Musicians might play along with colleagues at universities across the globe as if they were in the same room.

Virtual classes and conferences could be offered in an online environment that all but duplicates face-to-face interaction with high definition picture and sound.

Created in 1996 by elite researchers who were already frustrated by the speed and capacity limitations of the existing Internet, Internet2 was developed as a separate network for use only by universities, national laboratories and other high-level, non-commercial users who often have a need to transfer enormous batches of data quickly.

From its inception, the system was designed and built to handle those demands – moving all traffic across fiber optic “pipes” that provide users a capacity akin to a water main, compared to the drinking straw-sized “pipes” of the commercial Internet. While its use is currently restricted to about 260 member institutions, one of the purposes of creating and operating I2 is to develop the next generation of the “commodities Internet.”

How best to take advantage of having access to such a resource will be the topic of the university's first-ever Internet2 Day, scheduled for 9 a.m. Thursday, March 30.

This event, hosted by the Division of Outreach and Administration and the Office of the Provost, will provide deans and department chairs with an overview of what Internet2 can do for their faculty.
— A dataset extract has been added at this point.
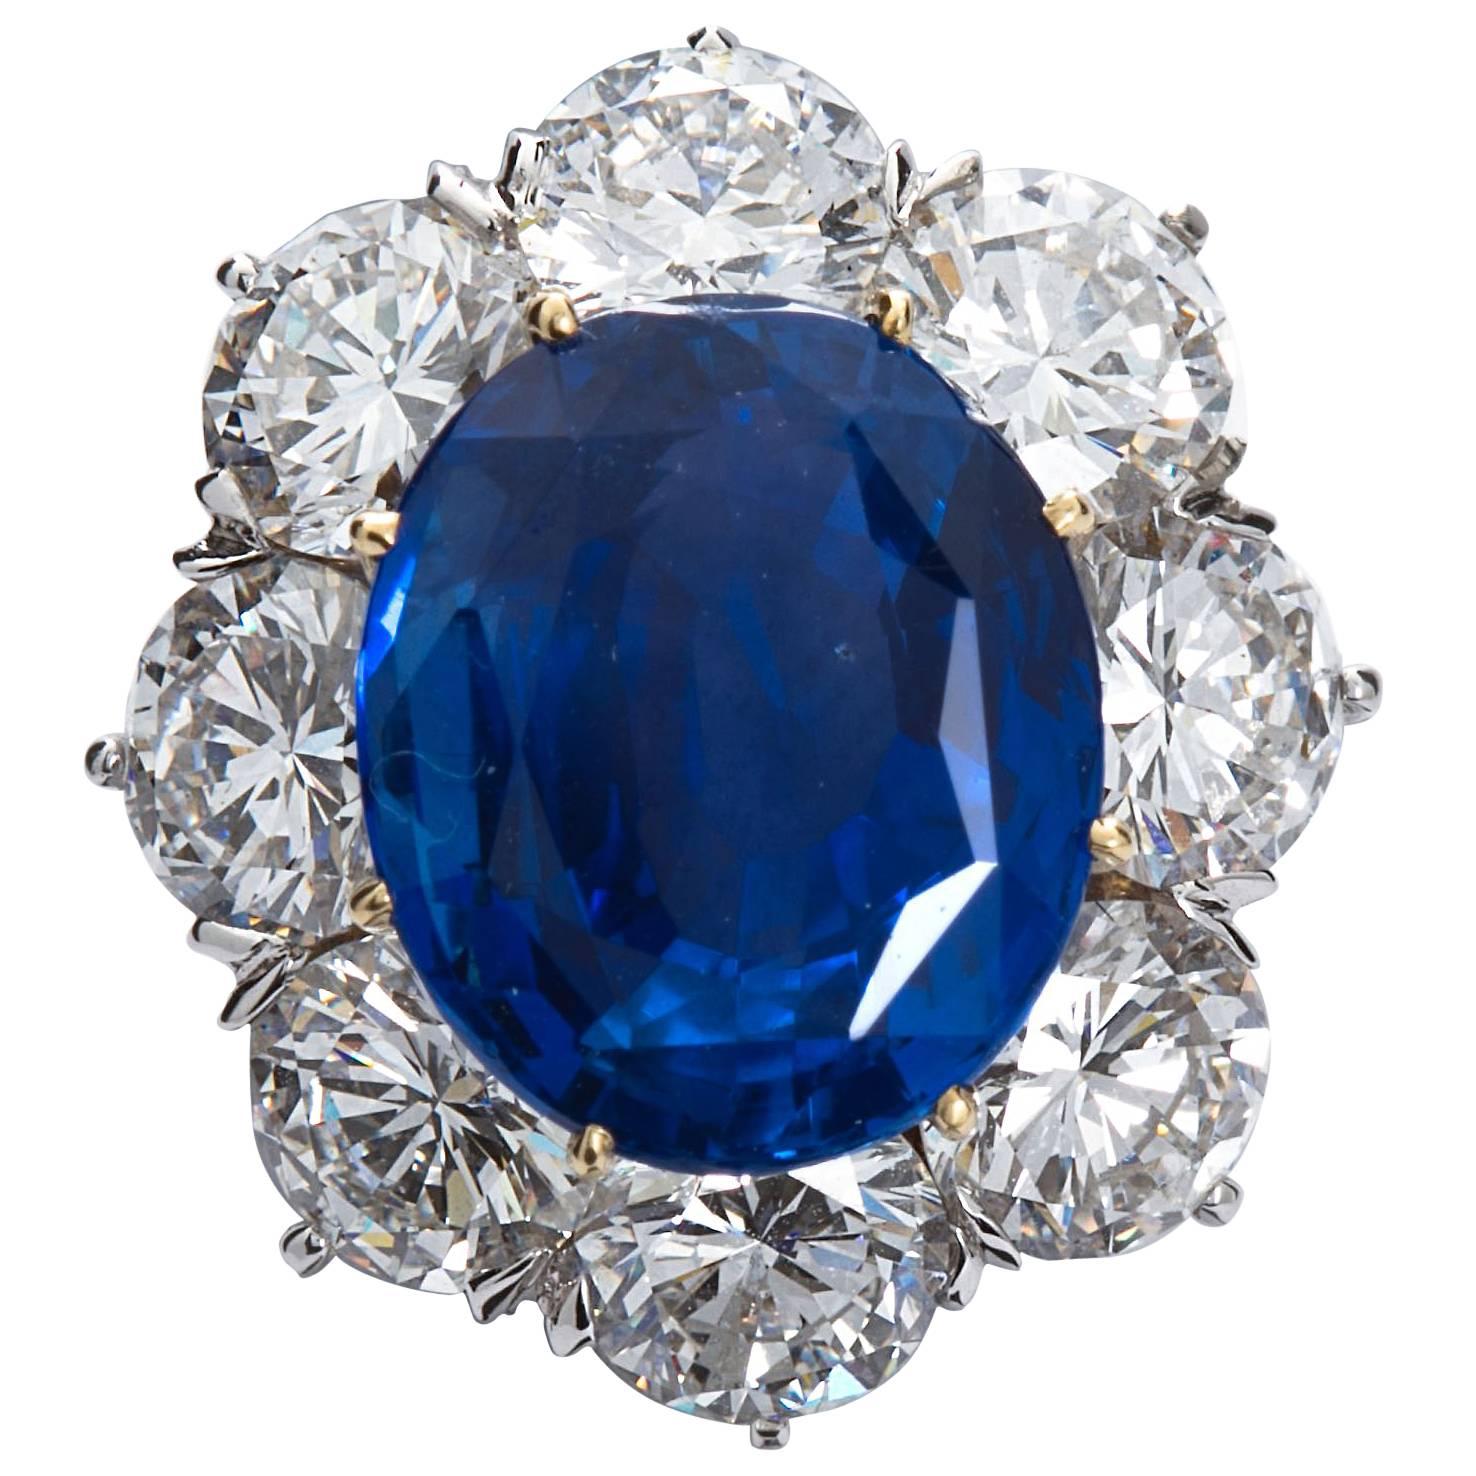 Unheated 7.28 Carat Oval Blue Sapphire Cluster Ring

Faculty and staff may also attend, but pre-registration is required and seating is limited. Those interested in attending the event can register online here.

“Internet2 has broadband capabilities far beyond those we are used to on the commodities Internet,” said Robert Brookey, a professor of communication who helps oversee the Laboratory for Interaction, Networking, and Communications (LINC). “We will use this day to give examples of how I2 has been used to facilitate research and pedagogy in the arts, humanities and sciences. We will focus on real-world examples from other universities, not hypotheticals.”

Guest speakers at the event will be Ann Doyle, Internet2 manager for arts and humanities, and Joel Mambretti, director of the International Center for Advanced Internet Research at Northwestern University.

Doyle will discuss her work with the Internet2 organization which includes collaborating with campuses across the nation to produce master classes and performance events enabled by high-speed networking. She has been the executive producer of the two largest collaborations in the performing arts. Mambretti will address his work at iCAIR (and as part of such organizations as Metropolitan Research and Education Network and I-WIRE), which is aimed at developing the next generation of high-speed communications networks.

Also speaking at the event will be Professor of Communication David Gunkel (co-director of LINC) who will focus on end-user software required to reap the benefits of I2, and NIU's Chief Network Architect Herb Kuryliw, who will discuss the build-out status of NIUNet.

Computer users on campus might already have noticed some improvement in computing services since the I2 connection was made, Kuryliw said. Since that time, any electronic communication with other I2 institutions (mostly research universities and national laboratories) has been diverted to that channel automatically, relieving the existing campus network of about 20 percent of its typical load and resulting in better performance.

The biggest benefits of I2, such as the ability to download huge files, are still a ways down the road for most users, said Kuryliw, explaining that some system upgrades will be required to make those services available to the average desktop computer on campus.